The total number of numbers, lying between 100 and 1000 that can be formed with the digits 1, 2, 3, 4, and 5 is 54.
To determine the total number of numbers, lying between 100 and 1000 that can be formed with the digits 1, 2, 3, 4, and 5, if the repetition of digits is not allowed and numbers are divisible by either 3 or 5, we can break down the problem into two cases: numbers divisible by 3 and numbers divisible by 5.
Case 1: Numbers divisible by 3
For a number to be divisible by 3, the sum of its digits must be divisible by 3. In this case, we have five digits to choose from: 1, 2, 3, 4, and 5. Using these digits, we can form three-digit numbers that are divisible by 3 in the following ways:
Choose three different digits from the five available options: 5C3 = 10 ways
Choose two of the same digit and one different digit: 5C2 * 4 = 40 ways
Therefore, the total number of three-digit numbers divisible by 3 that can be formed with the digits 1, 2, 3, 4, and 5, without repetition, is 10 + 40 = 50.
Case 2: Numbers divisible by 5
For a number to be divisible by 5, the last digit must be either 0 or 5. Since we are not allowed to repeat digits, we have only one option for the last digit: 5. This means that the first two digits can be chosen from the remaining four digits: 4C2 = 6 ways.
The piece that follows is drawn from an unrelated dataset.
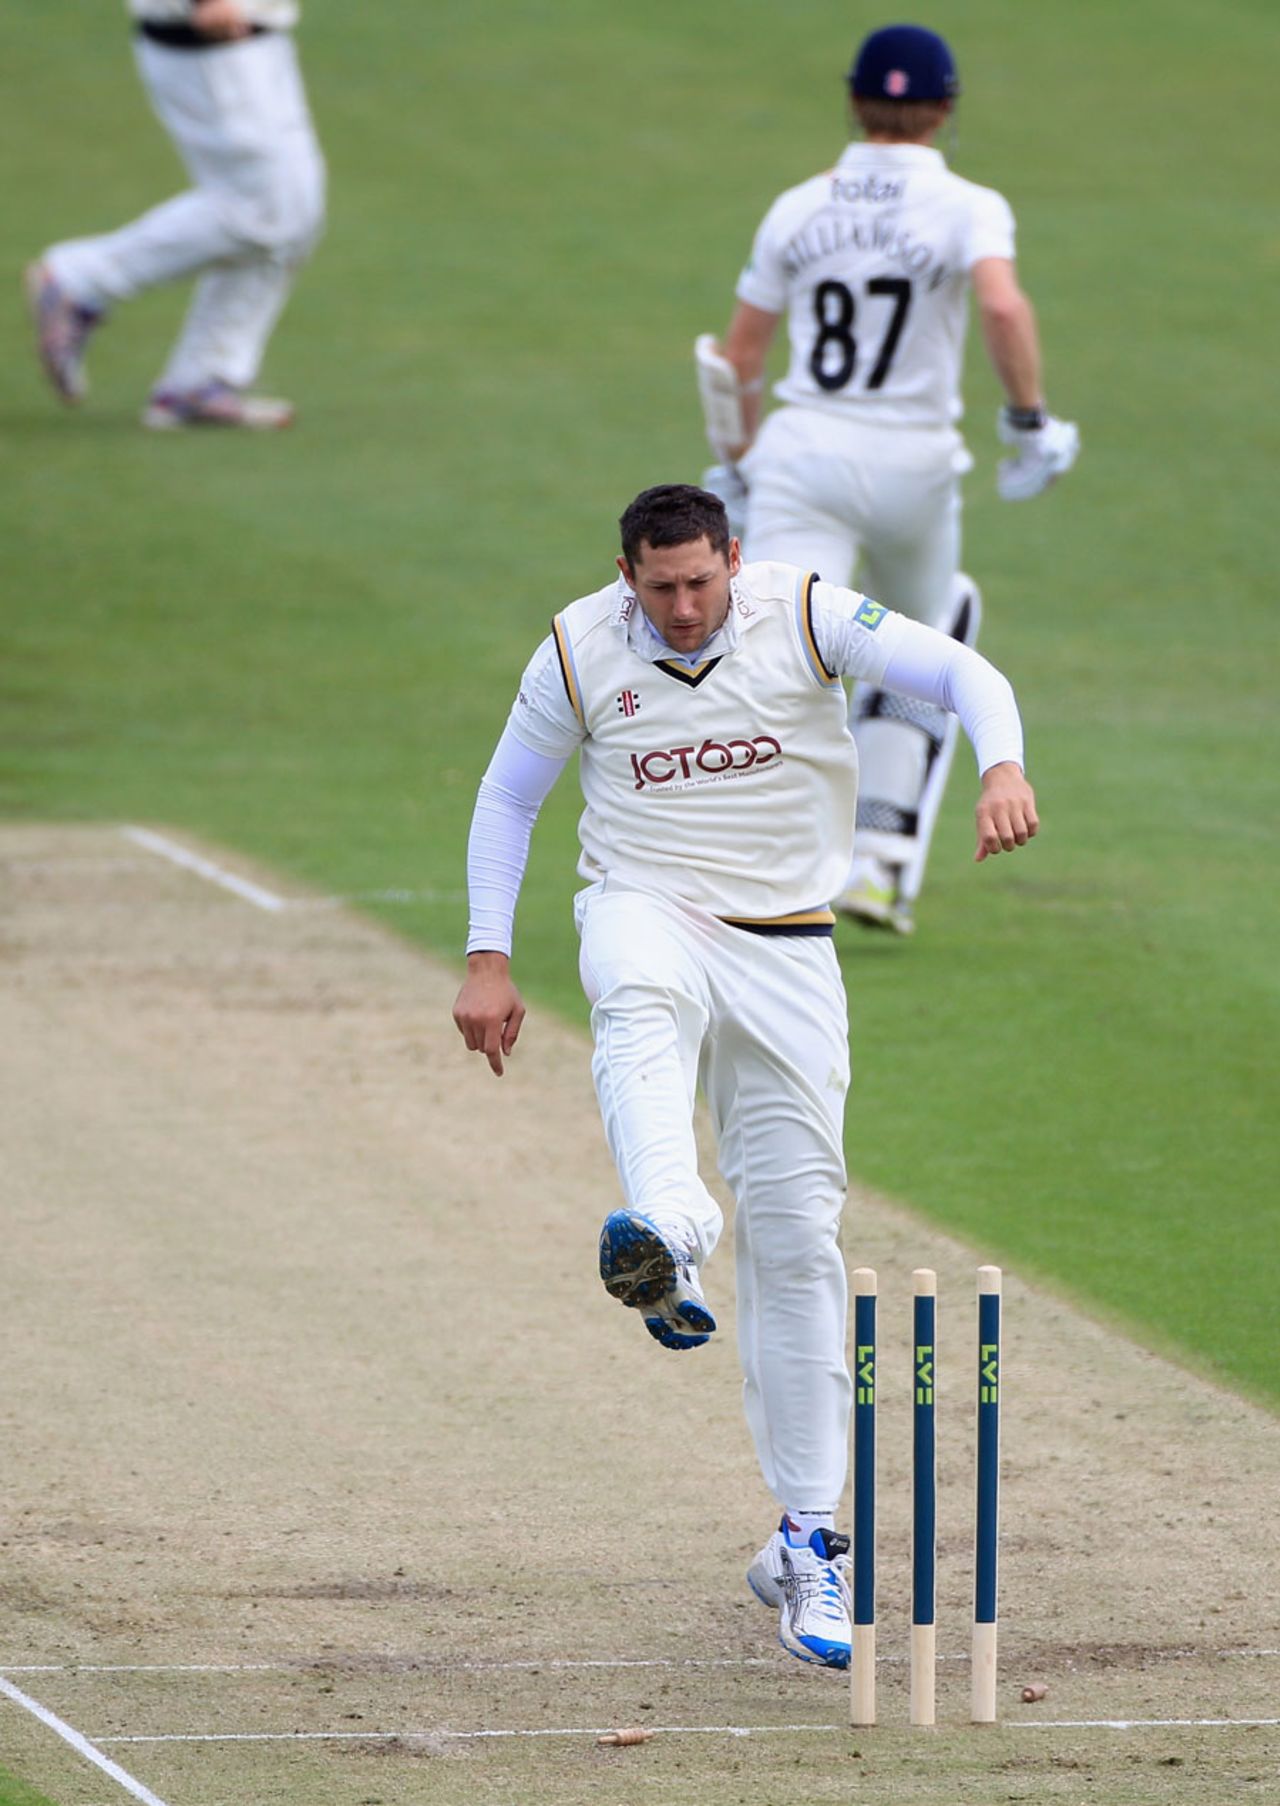 Tim Bresnan expresses frustration at conceding overthrows but he went on to take five wickets, Gloucestershire v Yorkshire, County Championship, Division Two, 3rd day, Bristol, May 11, 2012

Therefore, the total number of three-digit numbers divisible by 5 that can be formed with the digits 1, 2, 3, 4, and 5, without repetition, is 6.
Total Number of Numbers
To find the total number of numbers that satisfy both conditions (divisible by 3 or 5), we need to subtract the numbers that are divisible by both 3 and 5. There are two such numbers: 150 and 300.
Therefore, the total number of numbers, lying between 100 and 1000 that can be formed with the digits 1, 2, 3, 4, and 5, if the repetition of digits is not allowed and numbers are divisible by either 3 or 5, is 50 + 6 - 2 = 54.